许多本来明明白白的事,一旦进入“文化解释”,便立即变得云山雾罩,神秘兮兮,以致于坊间有“文化是个筐,什么都能装”之讥。

   ——秦晖:《问题与主义:秦晖文选》,长春出版社1999年,第285-286页。

   不幸的是,几乎从一开始它(“法律文化”)就被滥用和庸俗化了。……实际上,大多数人在使用这个词时似乎更愿意采取某种不甚严格的态度,因为它给人们提供了一种方便,即可以笼统和含混地用来指与法律有关的历史、传统、习惯、制度、学理和其他任何东西。……我宁愿把法律文化首先视为一种方法和立场。

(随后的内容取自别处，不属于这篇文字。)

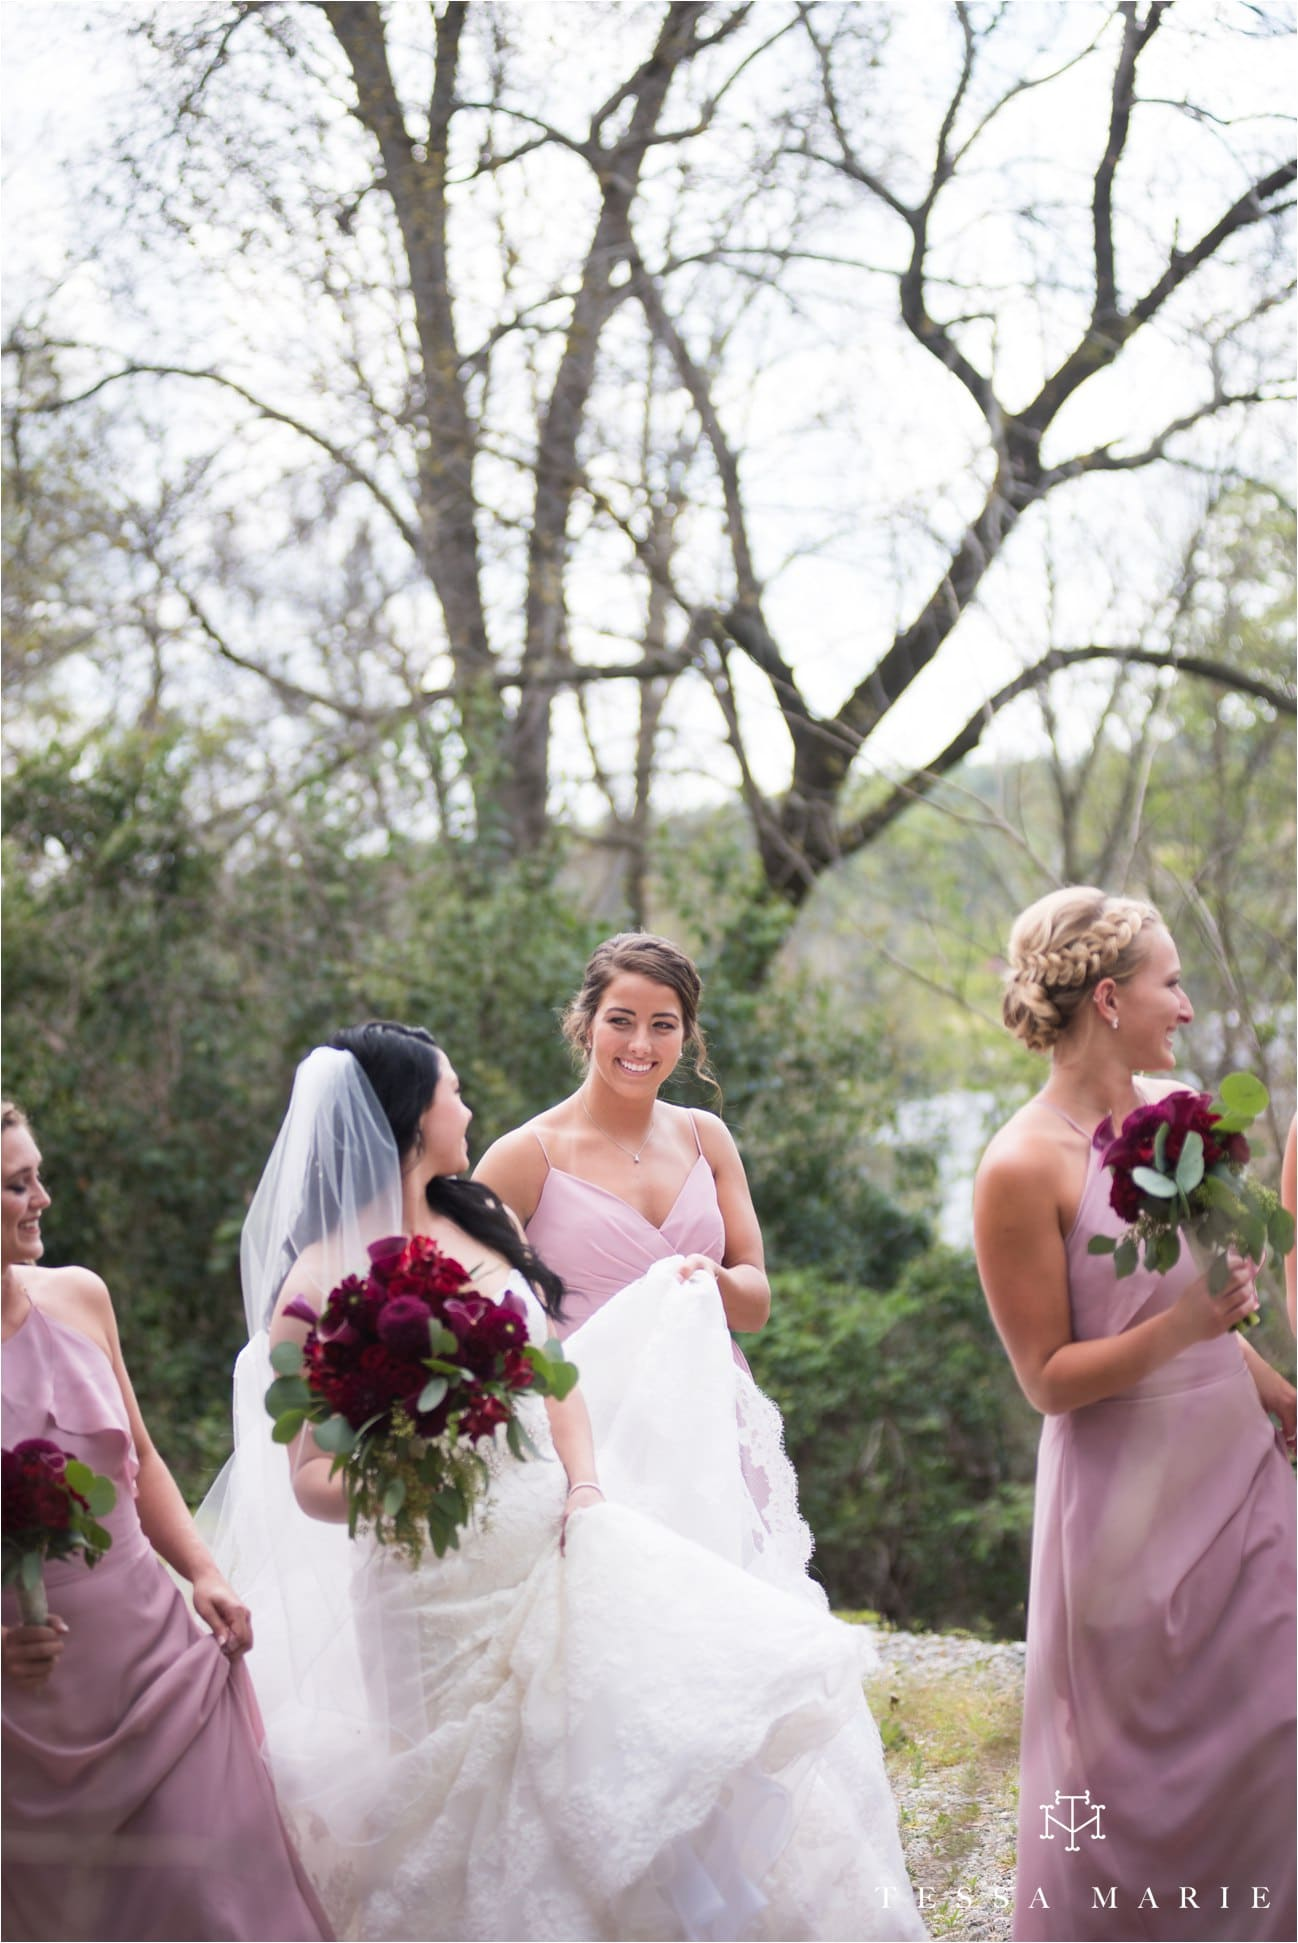 tessa_marie_weddings_rivermill_event_centere_candid_outdoor_wedding_photos_0061

   ——梁治平:《梁治平自选集》,广西师范大学出版社1997年版,第102、280、281页。

   原因的原因的原因,就不是原因。——朱学勤

   What can be said at all can be said clearly; and whereof one cannot speak, thereof one must be silent. —Wittgenstein

   人是文化的缔造者和主人,而不是文化的奴仆。——笔者题记

   2005年春节期间,笔者暂时客居汕头度假。在人生地不熟以致百无聊赖之际,惟有经常流连于当地各种书店。其时偶得尹伊君先生专著《社会变迁的法律解释》(商务印书馆2003年9月第一版,2003年9月北京第一次印刷)。该书研究始于1995年,是作者历经八年耕耘之成果。初略翻阅,该书资料引用似乎相当丰富、语言表述清雅;作者后记所言自己“无论中学功底还是西学功底均严重不足”,实为过谦之辞。其目录之“导论”部分表明其大体符合学术专著之规范(这种规范似乎一直为一些法学著作、尤其是法社会学著作所欠缺)。据作者后记,著名书法家“启功先生以九望高龄为本书题写了书名,它不仅为本书增色,亦是前辈学人对后学的提携与奖掖”;“最高人民检察院梁国庆副检察长和北京大学陈兴良教授”为该书出版提供了帮助。既然初步印象尚佳,且似有名家保荐,著名学术出版社为之付梓,因此笔者决然购之,并以近半月时日逐页细读摘录。客观而言,该著中所洋溢的作者才情、睿智和厚重的古今中外学术积累,令笔者恐怕穷尽毕生也难以望其项背。但所谓“智者千虑,必有一失;愚者千虑,必有一得”,又所谓玉不掩瑕,而且有些问题似乎具有一定的普遍性,因此也不能完全归咎于作者本人,而是一种普遍的研究范式问题。

  一、 关于书名与内容

   作者从社会变迁的角度,将该著定性为“一本从法律视角解释社会变迁的历史社会学著作”。但就其实际内容而言,与其说该著从法律的视角解读社会变迁,倒不如说其以社会文化的视角解读法律,因此主要将为一部法(律)社会学著作。原书题名“社会变迁的法律解释”,本来可以作两种理解:其一为从法律的角度解释社会变迁,即作者以社会变迁为被解释对象,以法律作为解释视角;其二为以社会变迁的角度解释法律,即作者以法律为被解释对象,以社会变迁为解释视角。如果从纯粹汉语语言习惯角度理解,恐怕多数读者首先想到的是第一种理解。当然,作者也提及“法律是社会变迁的整体组成部分,它既是社会变迁的原因,也是社会变迁的结果”,法律和社会变迁之间“是一种互为解释的关系”。(尹伊君:269。以下括号中数字如无特别说明,均指尹著页码。)然而,通读全书之后,读者应该不难发现该著实际上是在着力进行第二种诠释。就此而言,该著实际上被冠以一个容易令人误解的书名;也许该著取名为“法律的社会(变迁)解释”更为合适。对于如此误解,也许有人要归咎于读者理解能力欠佳,但面对读者的“误解”,可能首先需要的是作者考虑自己是否表达准确,是否因辞害意。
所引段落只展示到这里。